§ The data
****

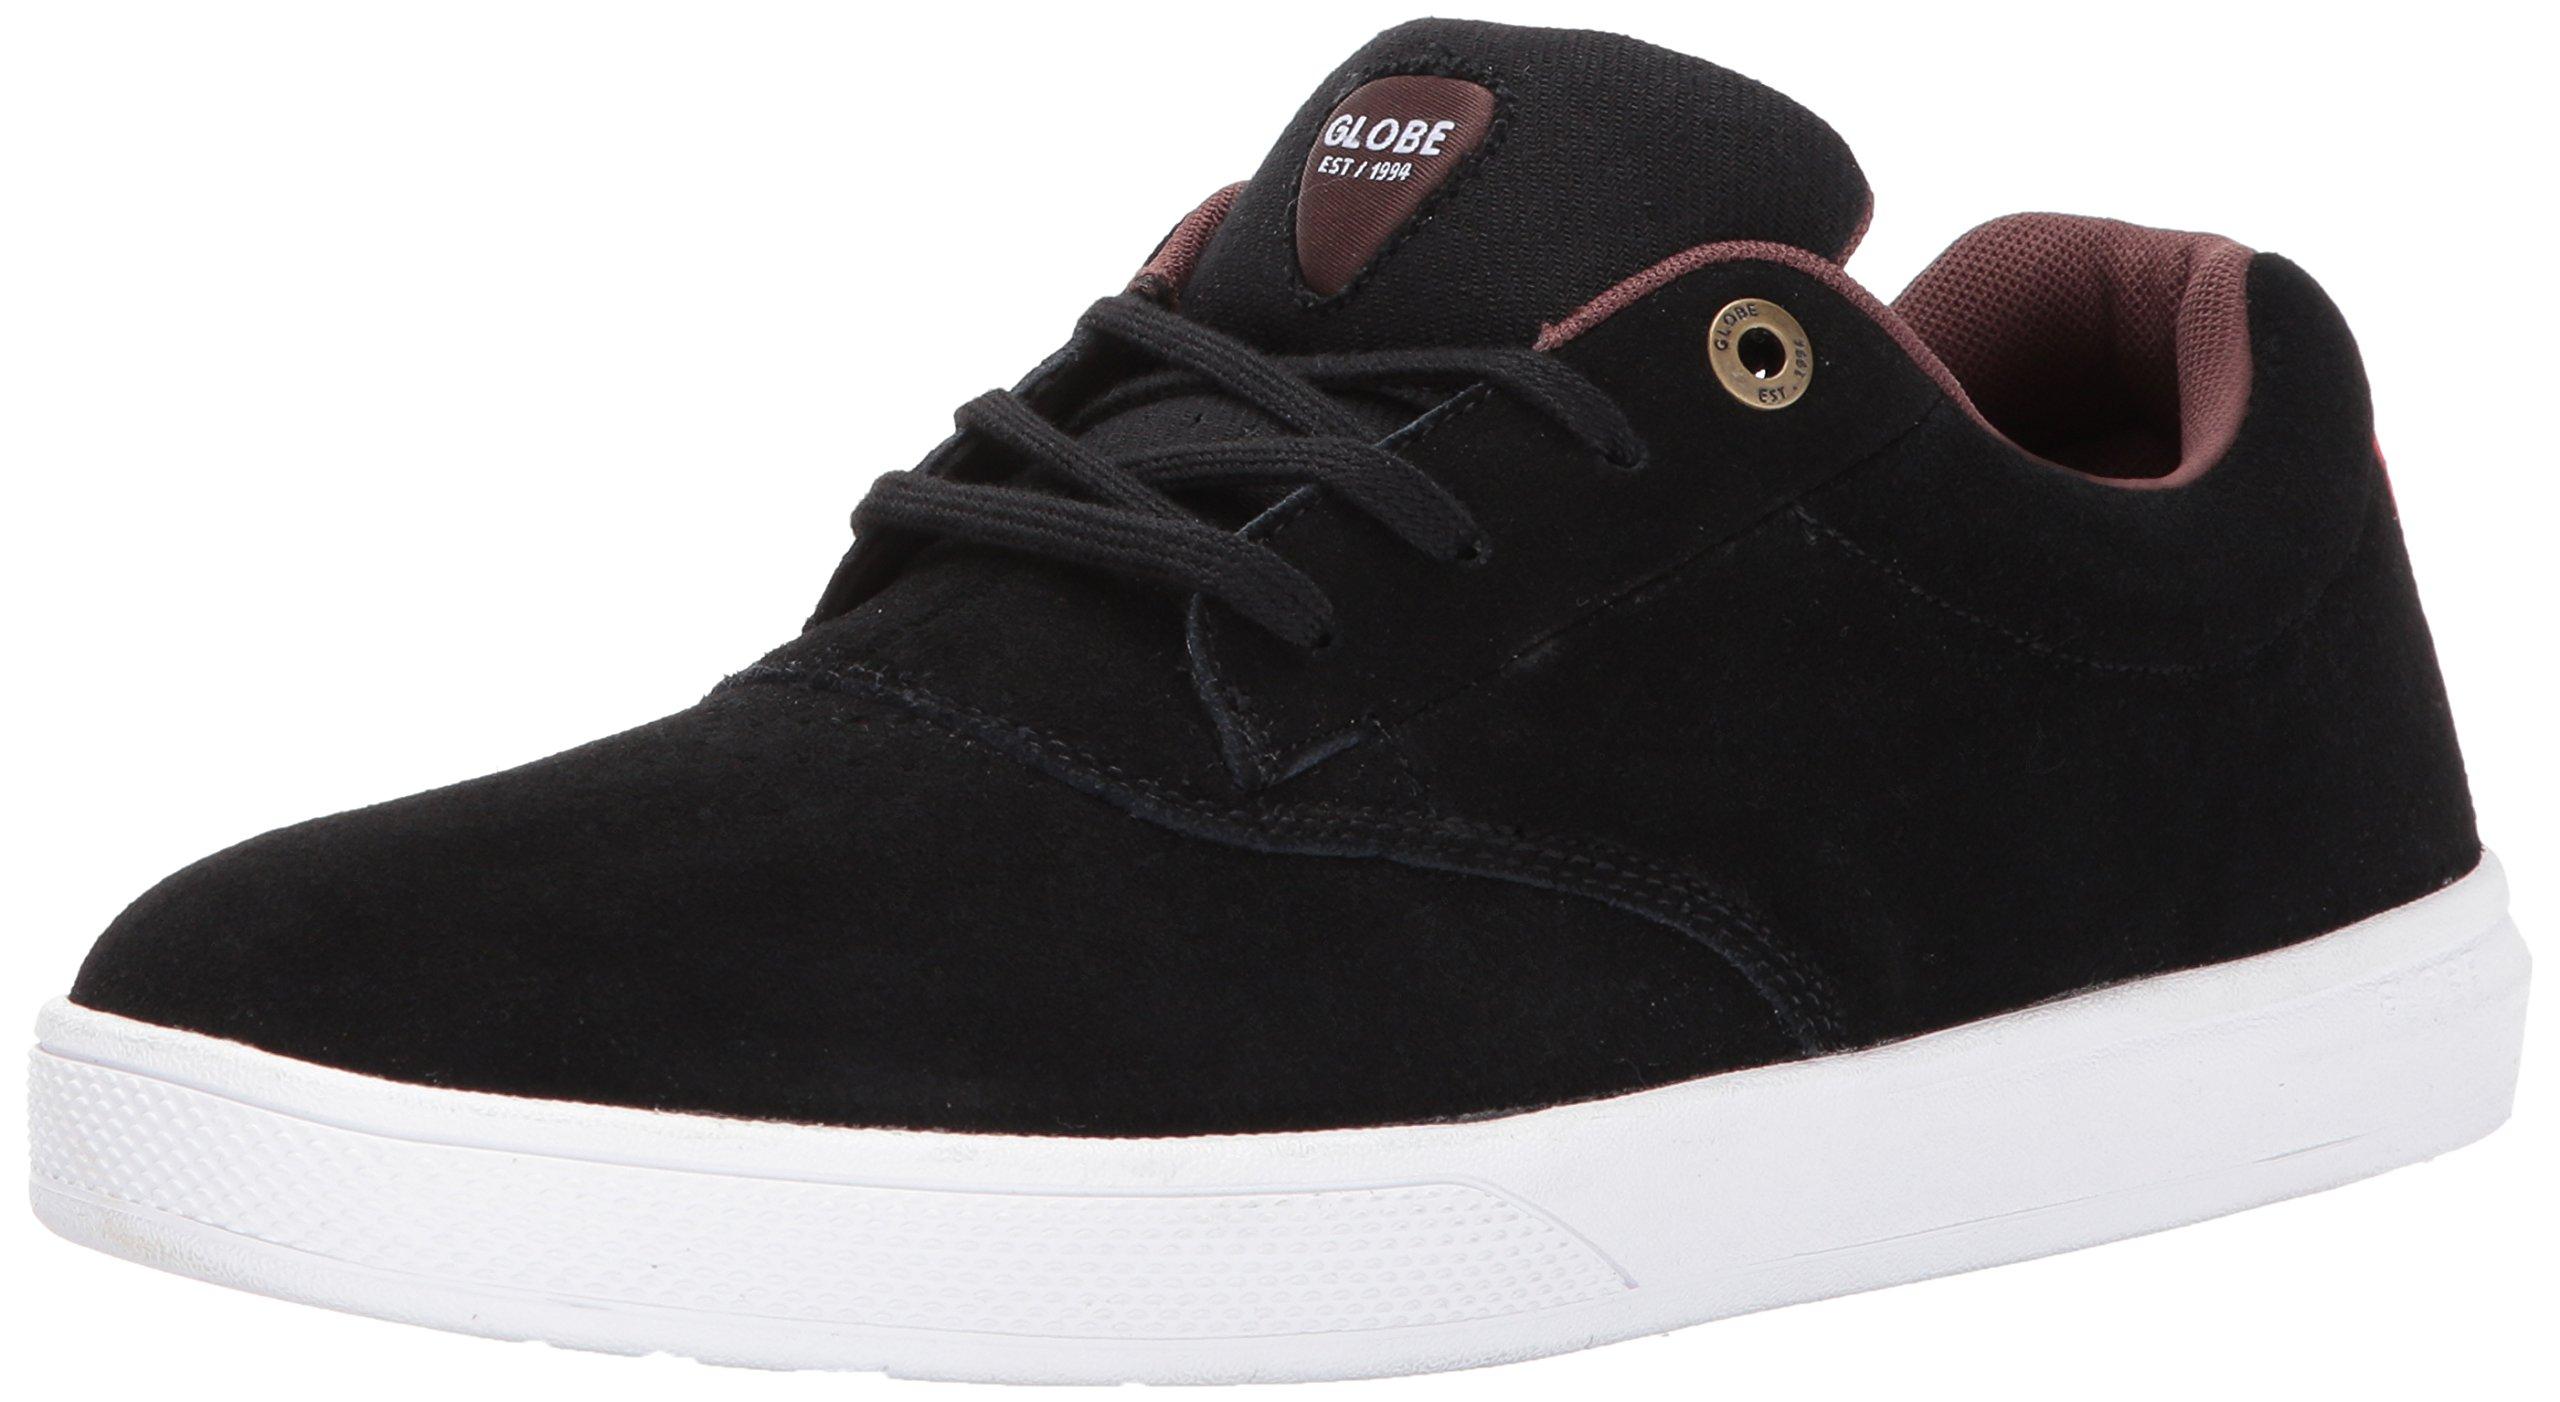 Globe Men's The Eagle SG Skate Shoe, Black/White/Tan, 9 Regular US
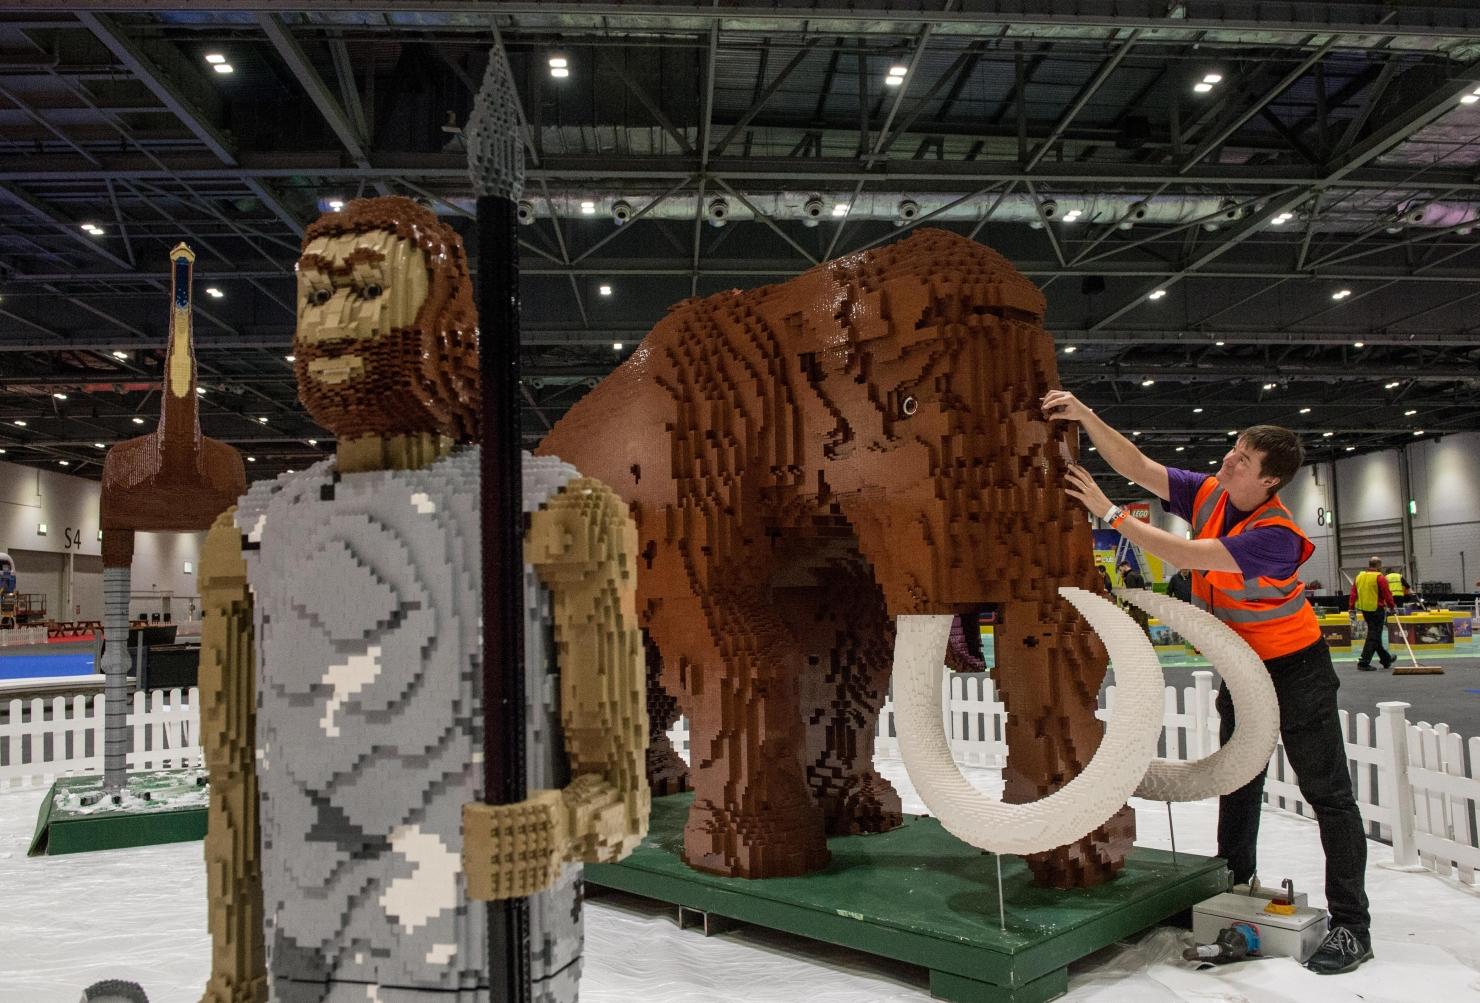 Ultimele retușuri la expoziția Lego 2015
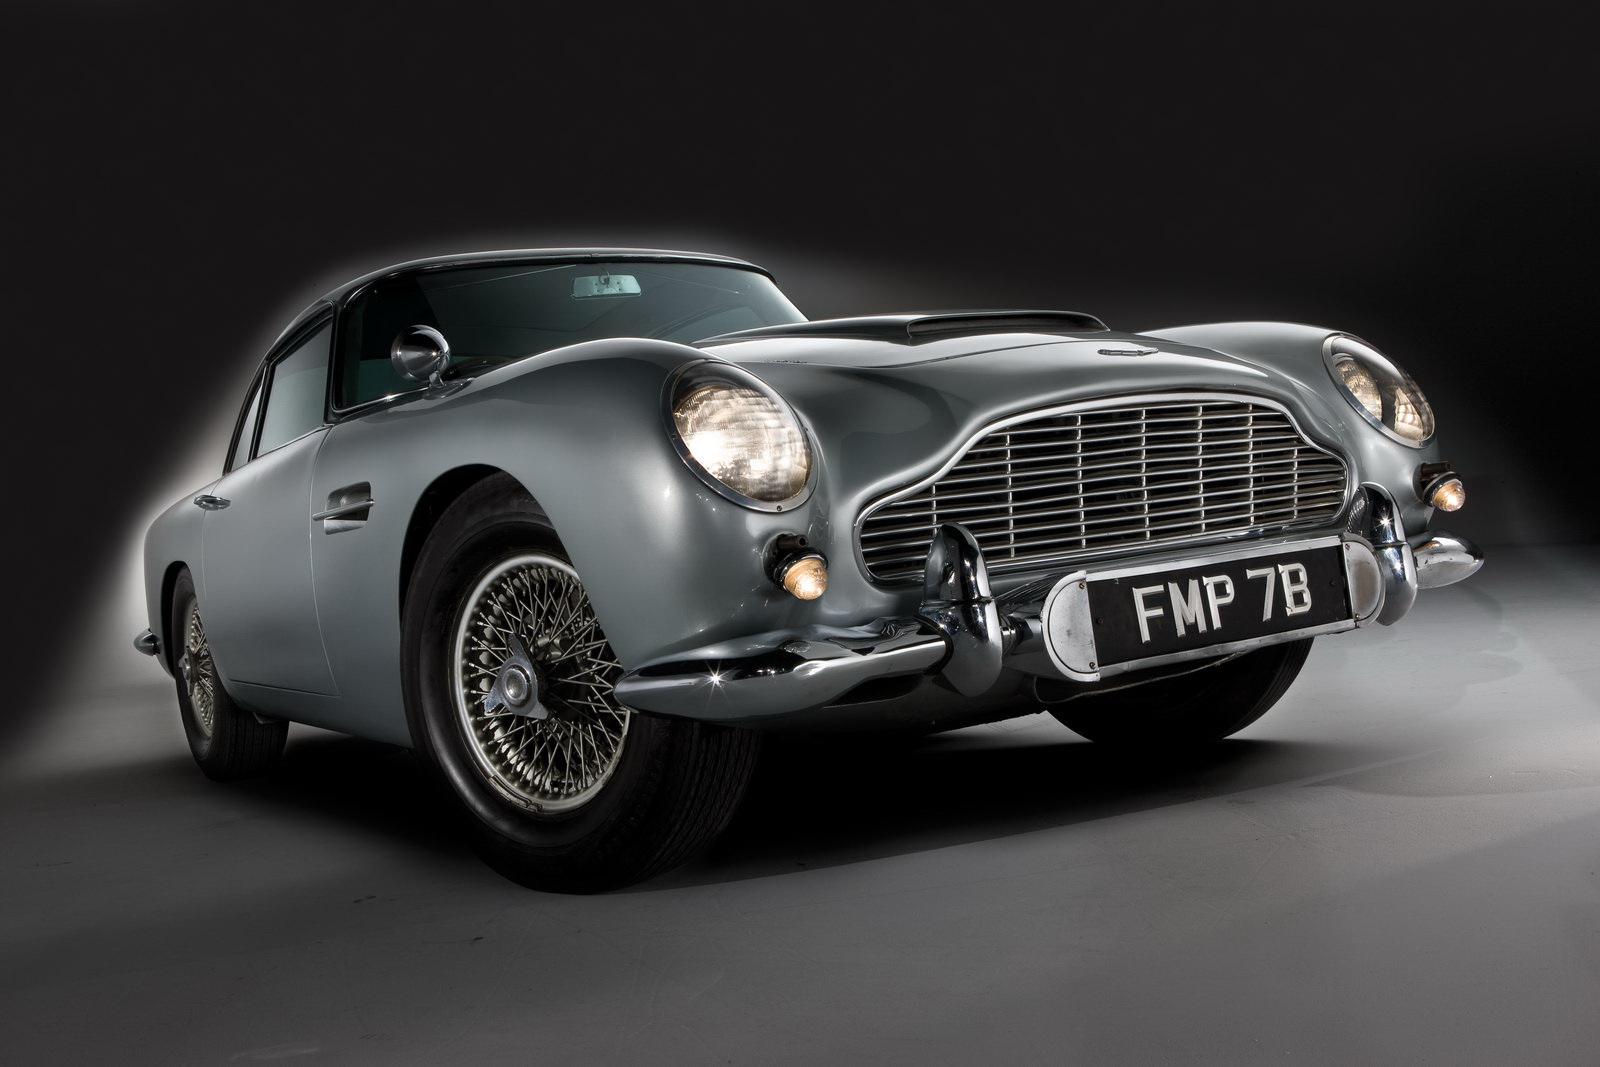 James-Bond-1964-Aston-Martin-DB5-1.jpg

****

§ Goal of the exercise
Omitting all pictures, retype exactly the lines from the line containing "Ultimele retușuri la expoziția Lego 2015" down to the last line above, both ends included.

§ Response area
 Ultimele retușuri la expoziția Lego 2015
 James-Bond-1964-Aston-Martin-DB5-1.jpg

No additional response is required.